Great way to get beaten up.
@FaheemMitha they might be reviving them :-(
4:29 PM
In the meantime, fun continues with Israel/Palestine. And India/Kashmir/Pakistan.
@StephenKitt Oh, no. What now?
@FaheemMitha there’s no government in Northern Ireland any more after failed elections
and the whole Brexit border issue is getting people excited
And of course, we shouldn't forget to give the British due credit for both situations. Israel and Kashmir, I mean.
@StephenKitt Whether there's one in the UK is debatable too, these days :P
Busy folks, the British.
@FaheemMitha True dat
4:30 PM
@StephenKitt Sigh.
@terdon hah
Theresa may, but she probably won't.
Interesting Times.
@terdon /o\
@StephenKitt What's that one?

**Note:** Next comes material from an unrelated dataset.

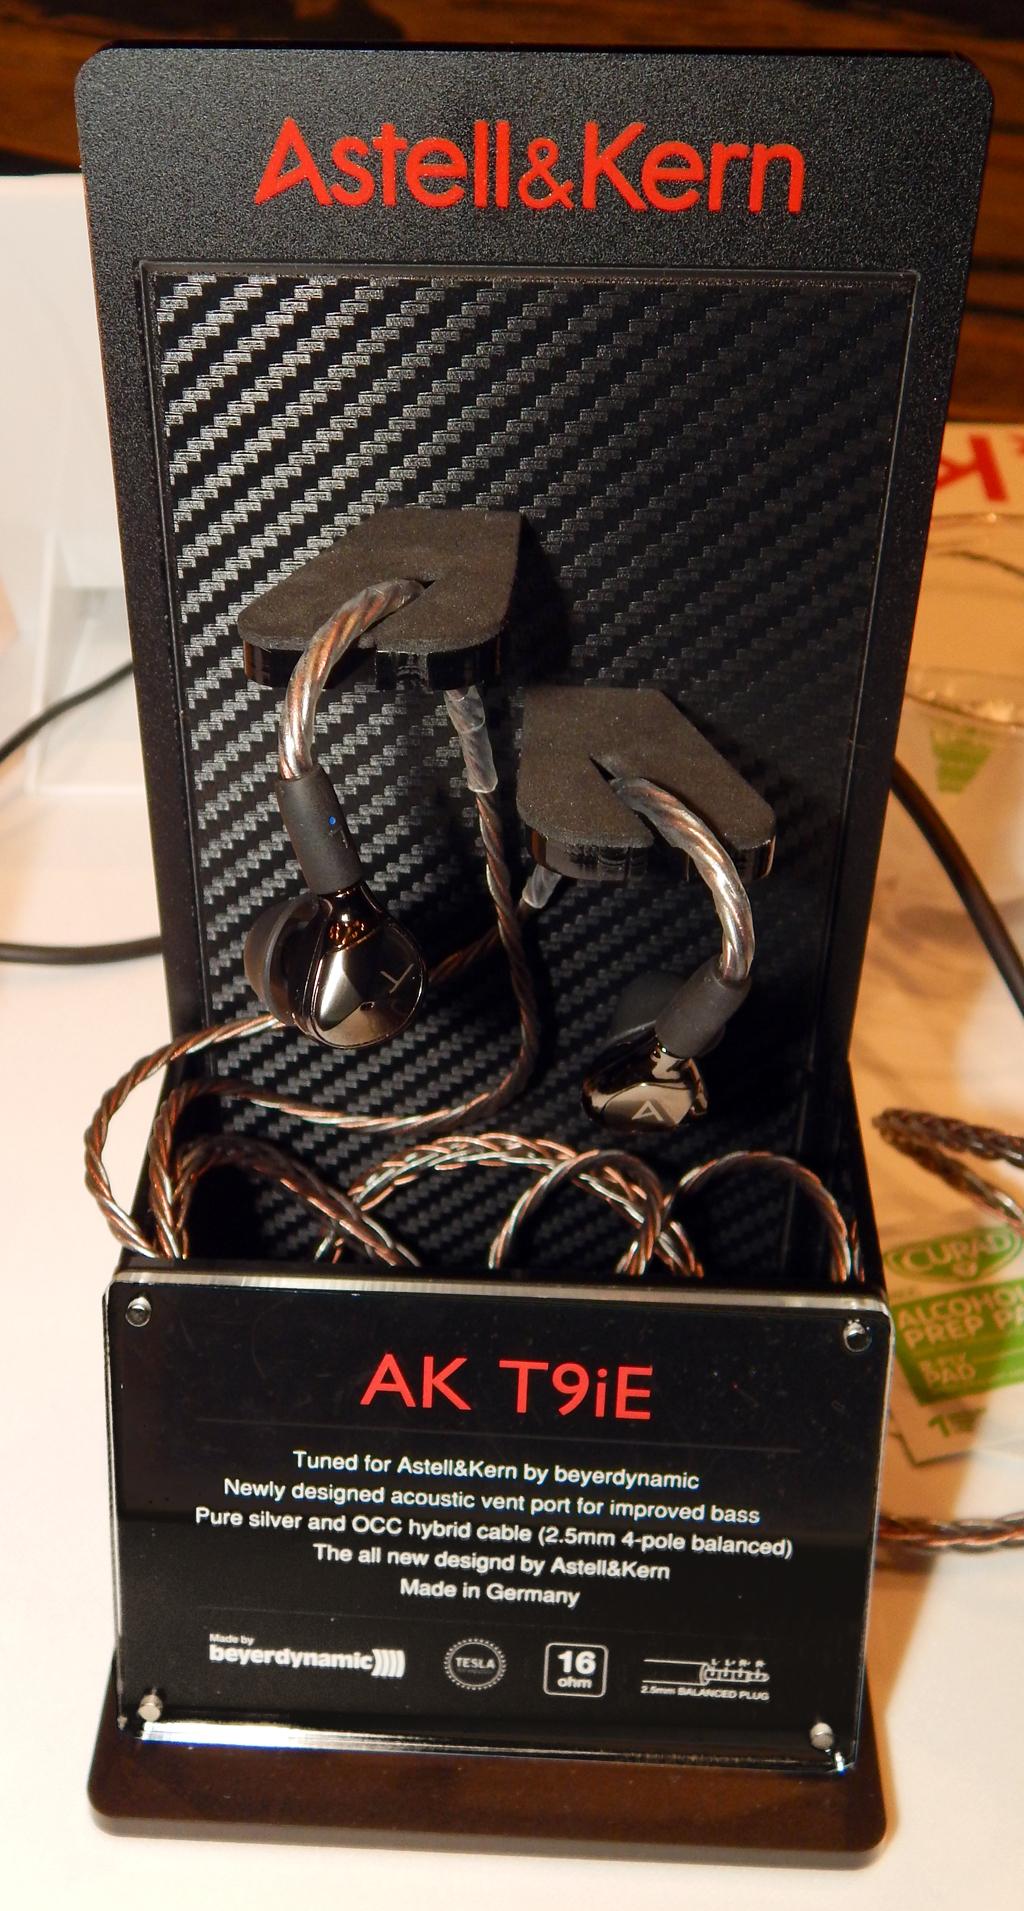 Astell&Kern/beyerdynamic AK T9iE IEM
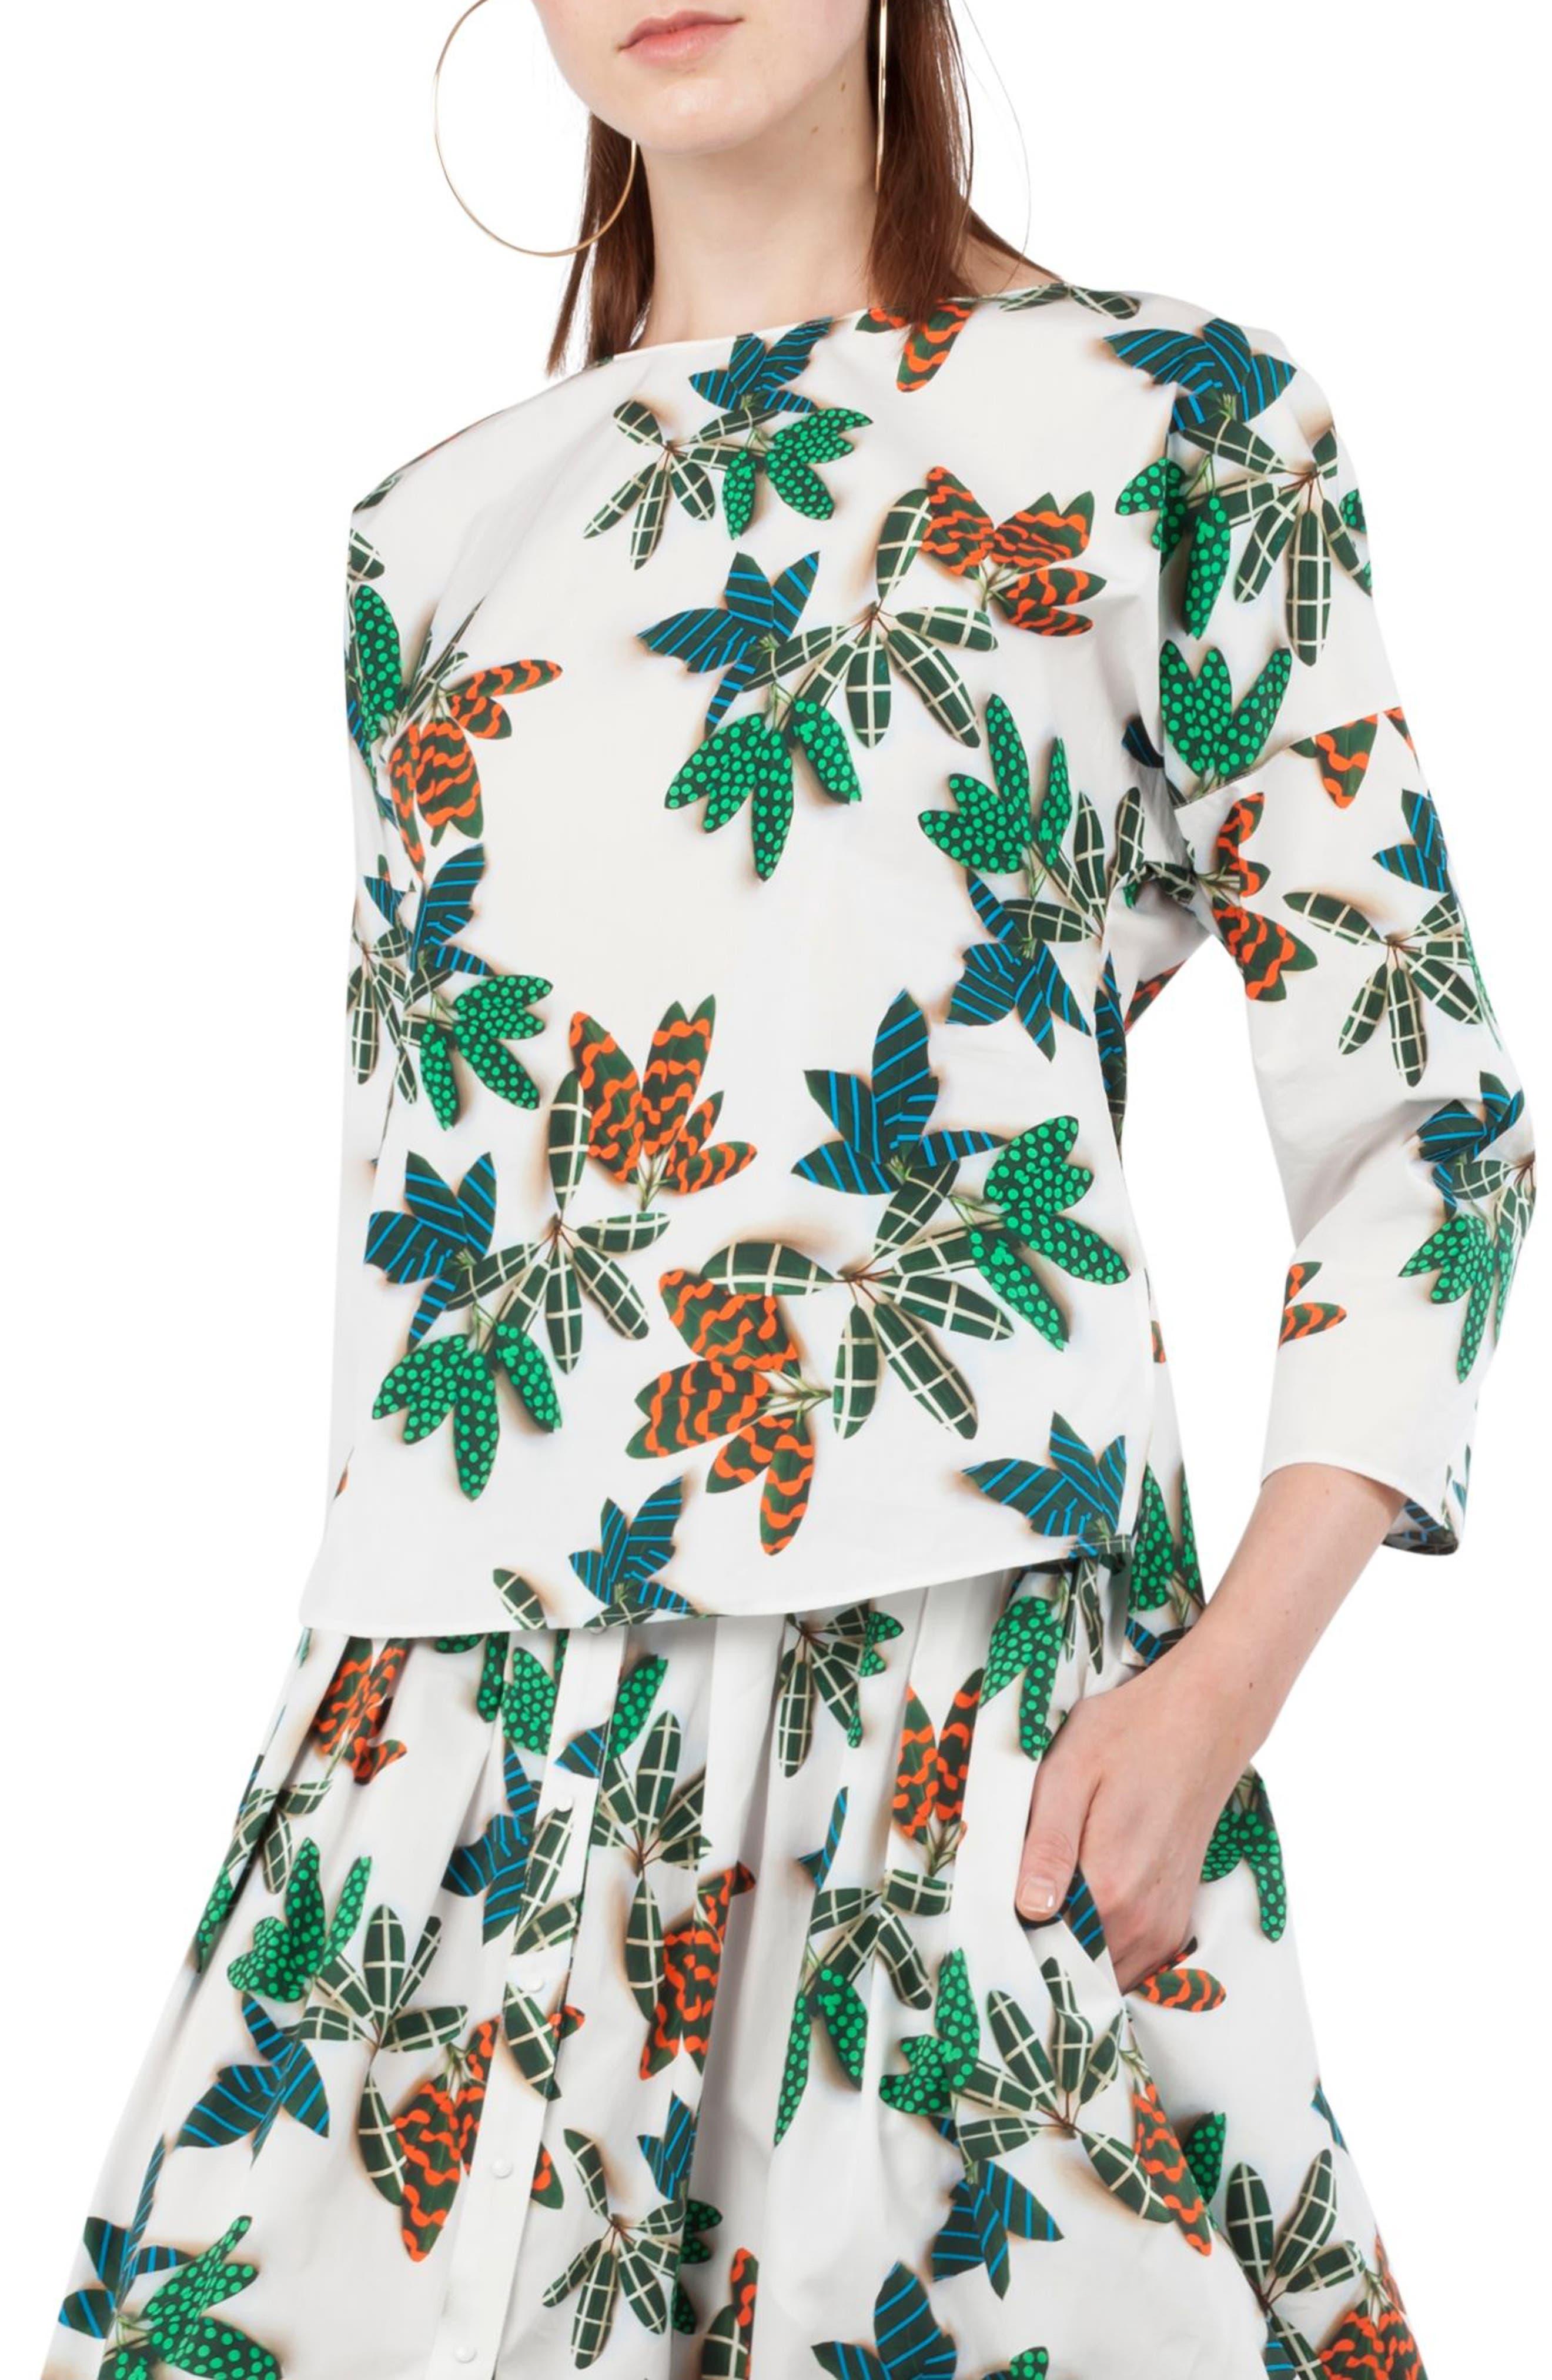 Alternate Image 1 Selected - Akris punto Tropical Print Cotton Blouse

Someone hiding?
4:32 PM
@terdon :-)
@terdon holding my head in despair
Seems like a reasonable reaction, yes.
@StephenKitt You need to get yourself a better emoji.
I wonder what the Unicode emoji policy is.
@FaheemMitha it’s fairly well understood in other circles I frequent
along with \o/
For example, if one was to submit an emoji of the Flying Sphagetti Monster, would they consider it?
@StephenKitt Does that one mean - Hello?
4:35 PM
@StephenKitt That one I read as "yay!"
Oh, I see. Hands in the air.
@FaheemMitha this is a useful cheatsheet:
A: I saw something in chat I don't understand

RobotHumansExpressions: -.- - sarcastic, can mean fail, you don't say... or any derivations of not sure if / can not believe in this o/, \o - Waving either hello or goodbye \o/ - excitement, exclaiming "yay!" /me - it's like "insert my name here" ¯\_(ツ)_/¯ - Shrug, I don't know ;P - Almost anyth...

@terdon Thanks.
@terdon yes, yay
mhmm dpkg-buildpackage fails
4:54 PM
well however the debian package is not split like the one for ubuntu zesty was with having 3 other dependencies, so i just installed the deb package for Debian9 stretch and it works for what i mostly use it
sudo netselect -v -s4 -t10 wget -q -O- https://launchpad.net/ubuntu/+archivemirrors | grep -P -B8 "statusUP|statusSIX" | grep -o -P "(f|ht)tp.*\"" | tr '"\n' ' '
5:22 PM
^ for getting the quickest Ubuntu mirror
6:04 PM
> dpkg (1.18.4ubuntu1.3) xenial; urgency=medium

* Use ohshit() instead of internerr() for unhandled dpkg-split exit
codes. (i.e. do not abort). Closes: #812679, LP: #1601998

-- Brian Murray <brian@ubuntu.com> Fri, 20 Oct 2017 16:14:06 -0700
@terdon GCP Grey has a video about that.
Complicated... is all I will spoil you :P
6:38 PM
@Braiam I'd like to believe that is a joke.
Hi @Braiam. Long time no see.
7:17 PM
Pijul looks very interesting, but there is currently no Debian package for it. Not even an RFP.